The linked continents of South America, Antarctica, Australia and New Zealand were an overland dispersal route 130 to 35 million years ago.

Evidence of a vicariant origin of the New Zealand freshwater fauna is provided by a relationship between Galaxiid fish and tiny parasitic larva of the freshwater mussel, genus Hyridella, called a glochidium.

The larva attach to the fish's gills to obtain nutrients and get a free ride.  The minute larval would be washed away in the current without an attachment to the fish.

By coincidence, the mussel family Hyriidae occurs in New Zealand, South America and eastern Australia in the same habitat with galaxiid fishes.

The dispersal of larva to coincide with the galaxiid fish, and evolution of the same relation- ship on different continents, would have been an ecological phenomenon that is hard to imagine.  It is easier to accept vicariant separation of populations, when the larva and fish were associated before Gondwana broke up.

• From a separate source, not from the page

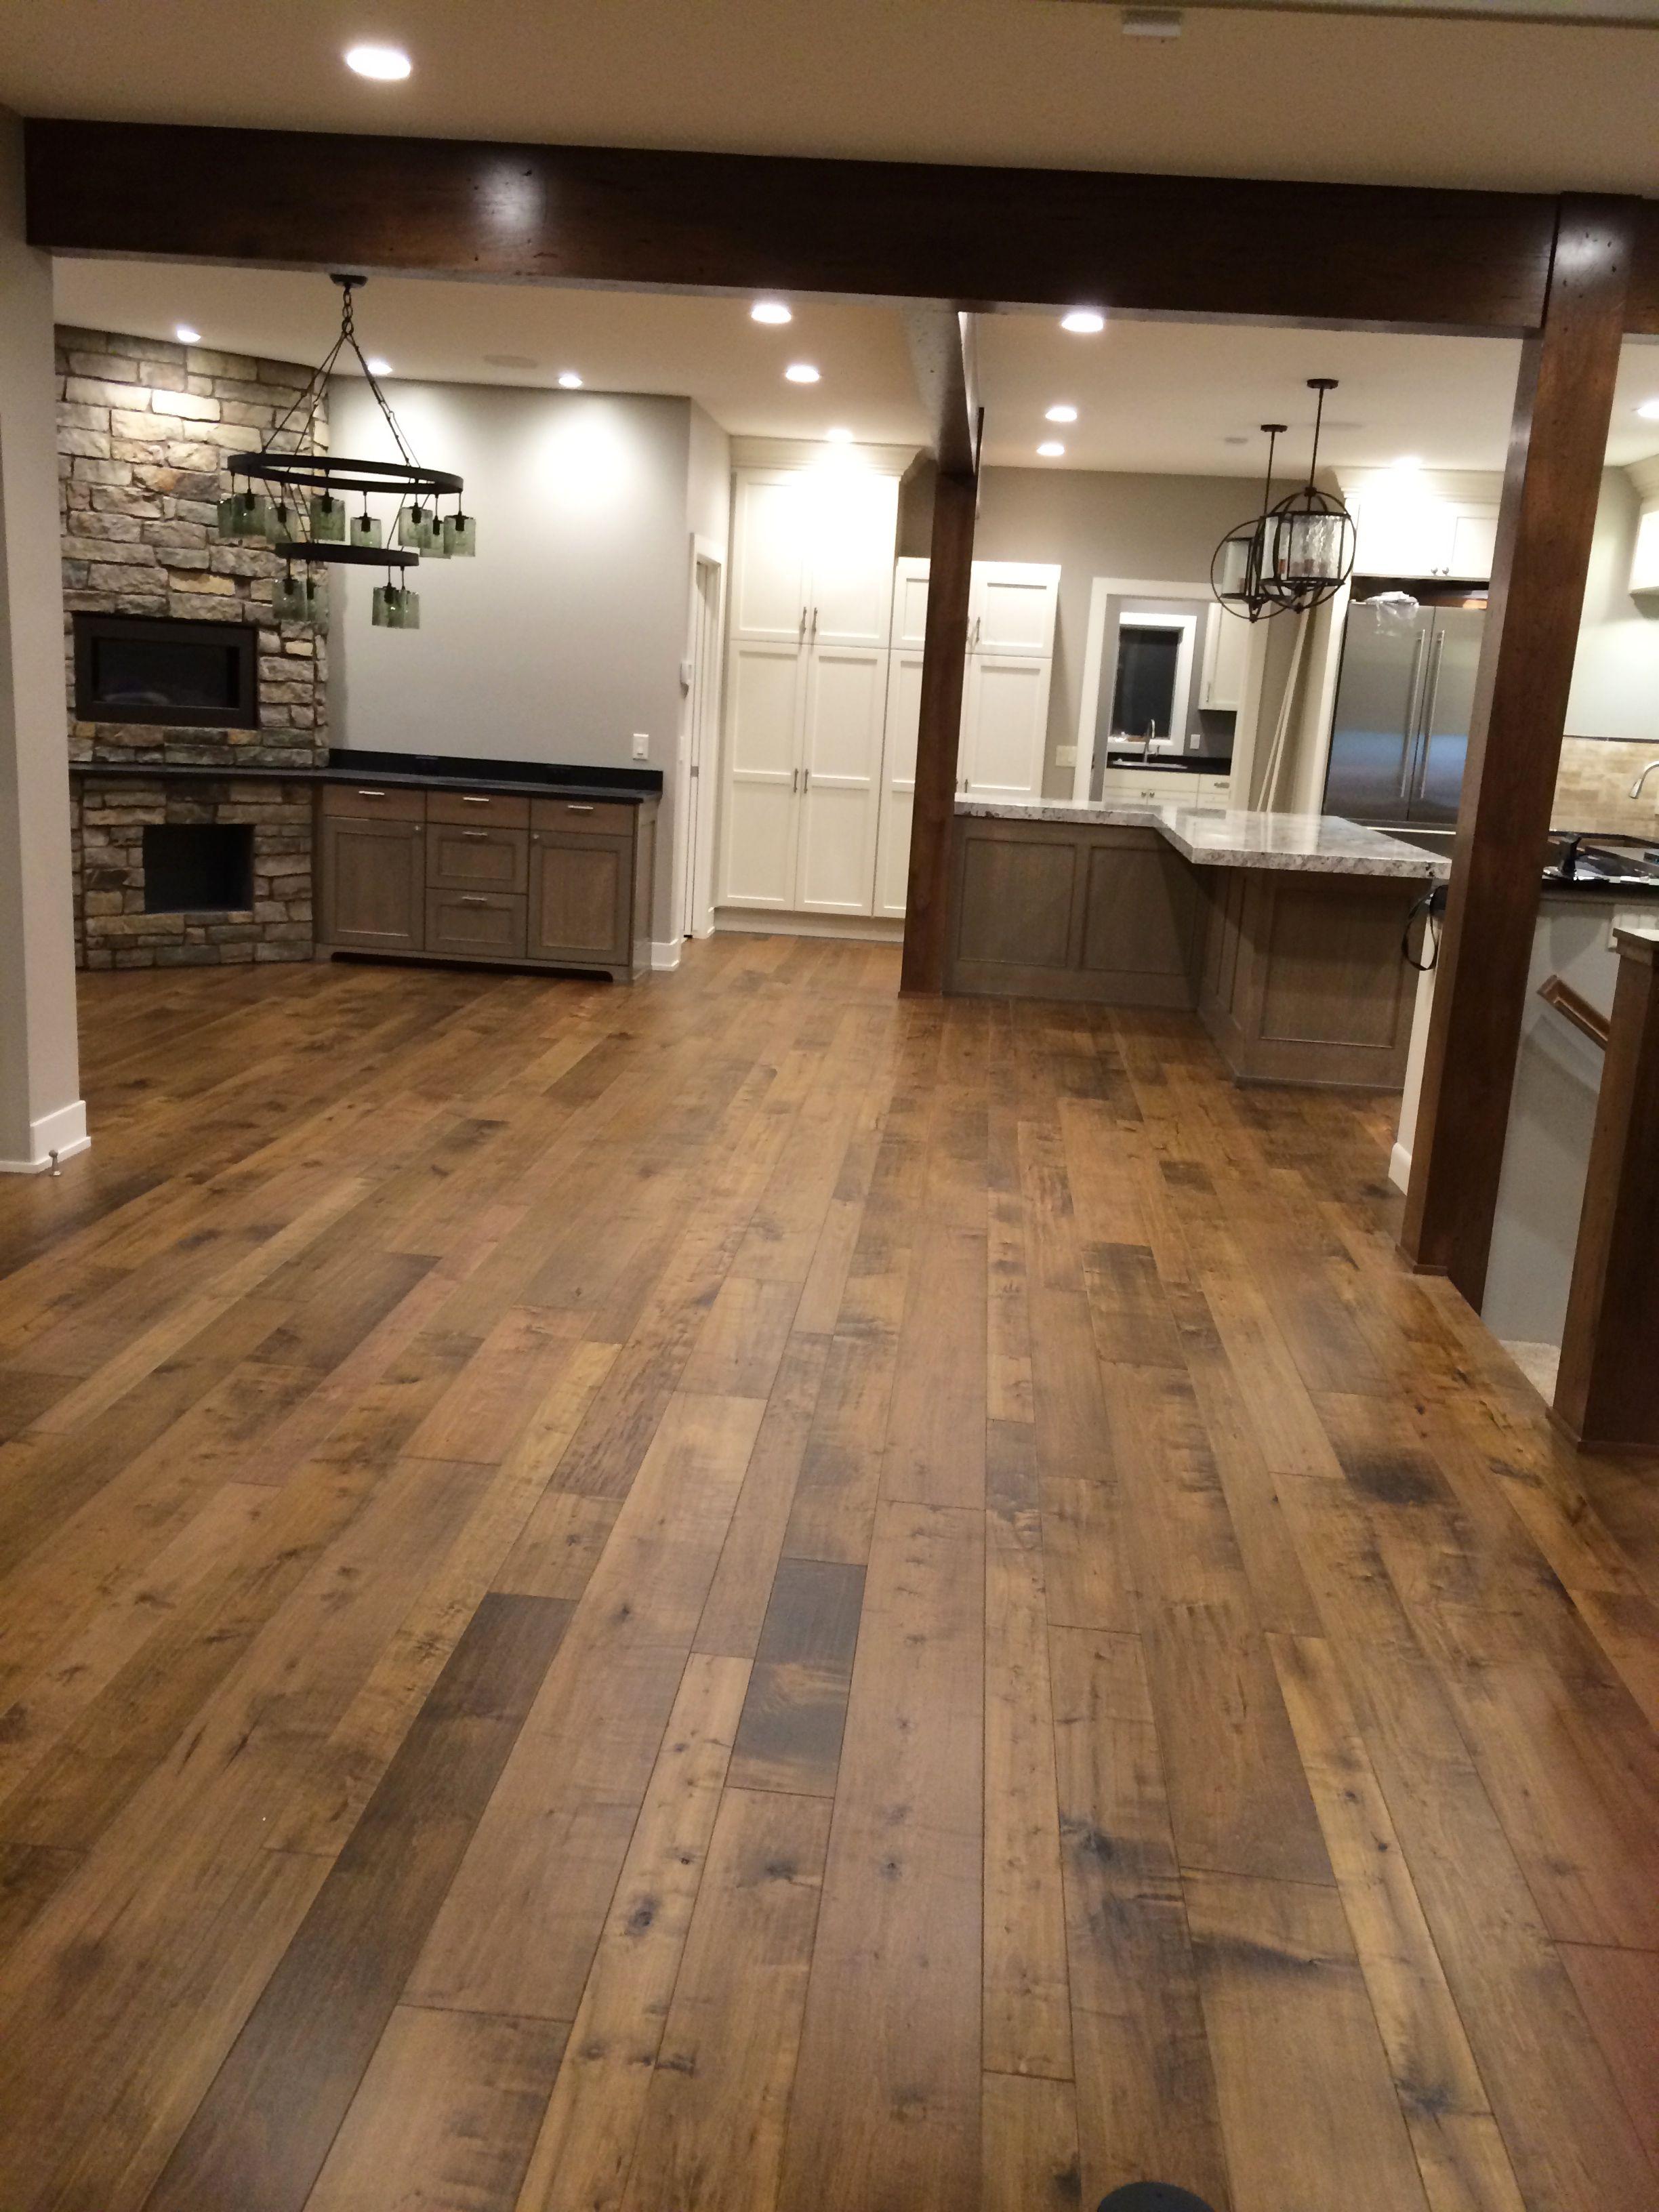 Procedure for sanding hardwood floors
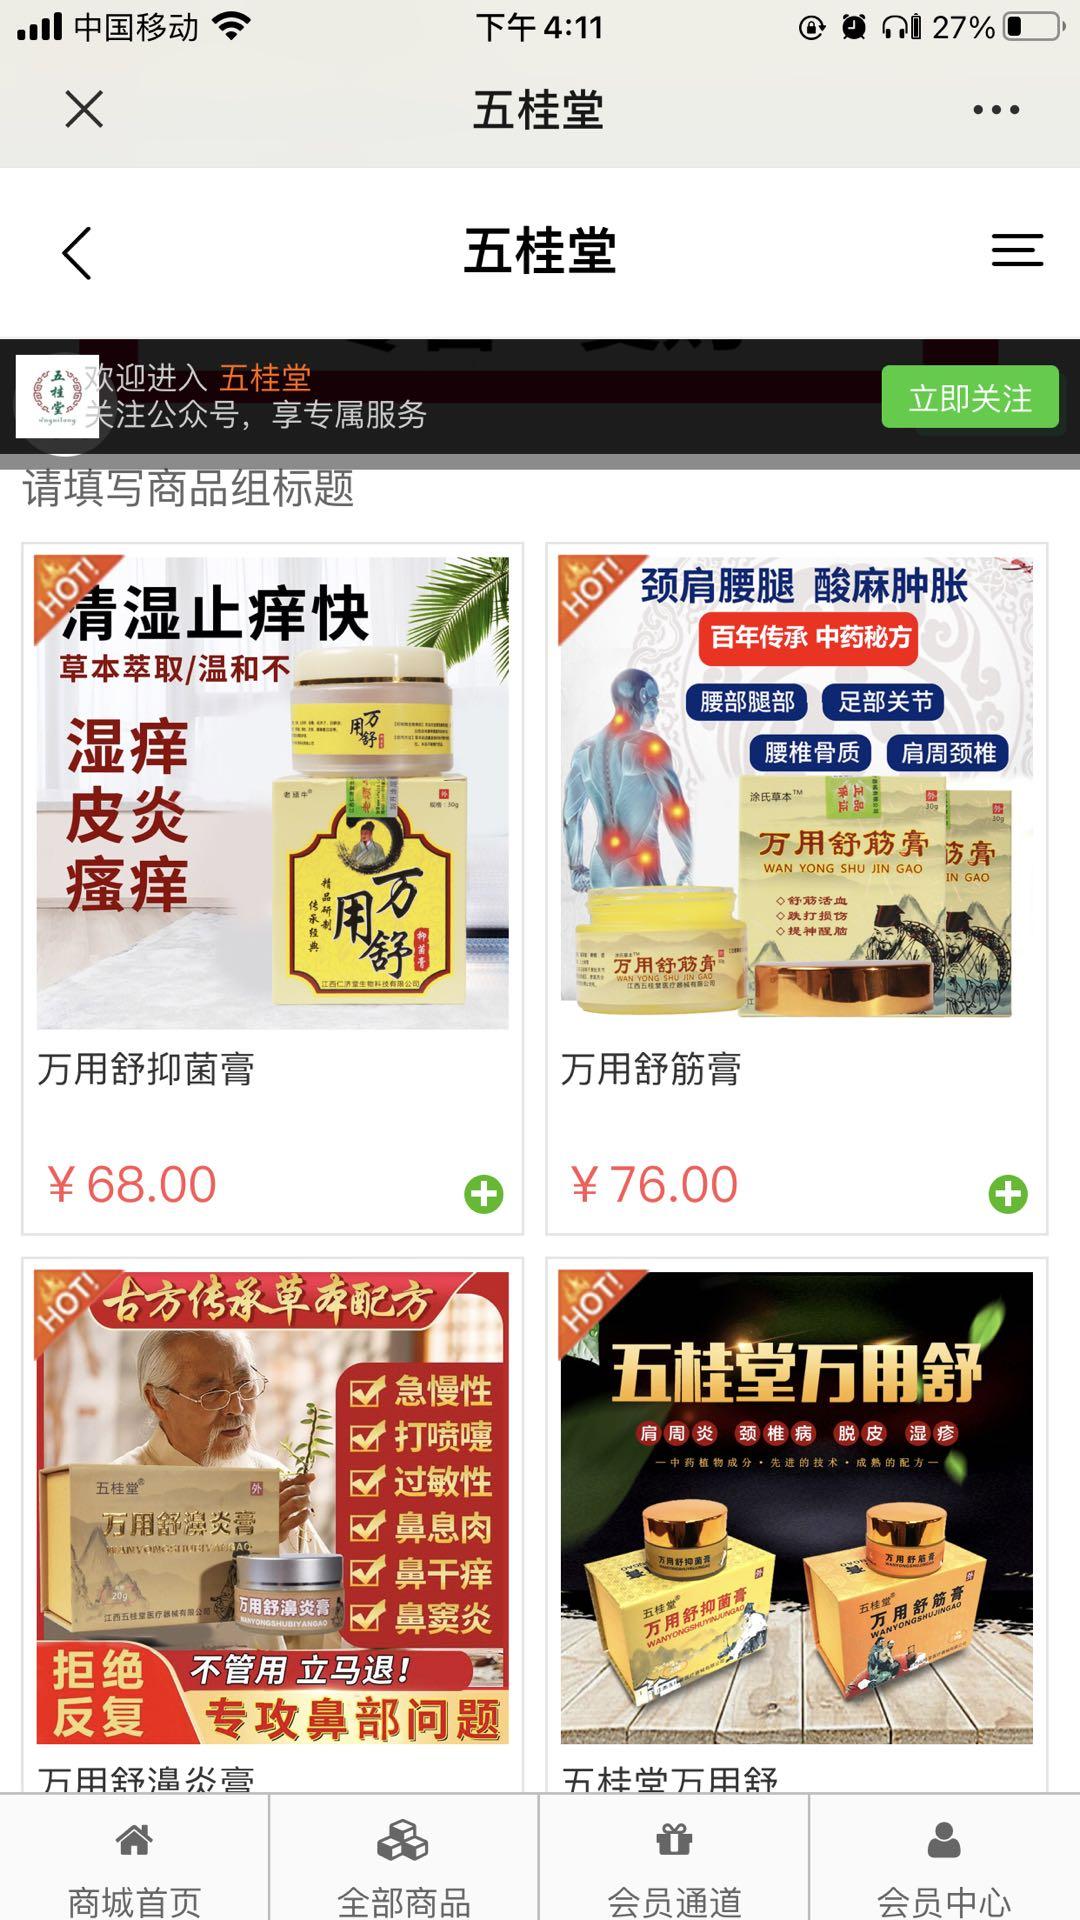 五桂堂.jpg

An ancient ancestry, Gondwana origin, and vicariant origin of New Zealand freshwater fauna further revolves around the only two species of freshwater crayfish Paranephrops planifrons and P. zealandicus.  Crayfish relatives in the Parastacidae family in Australia (yabby), and South America are thought to be of Gondwanan origin.

Another coincidence is a relation-ship between flatworms of the genus Temnocephala that attach to the claws of koura.  They only live on a host.

Temnocephala have the same relationship with freshwater crayfish in Australia, and other relatives attach themselves to various hosts, including snails, crayfish and turtles in Brazil, Chile, Argentina, Uruguay, Indonesia and New Guinea.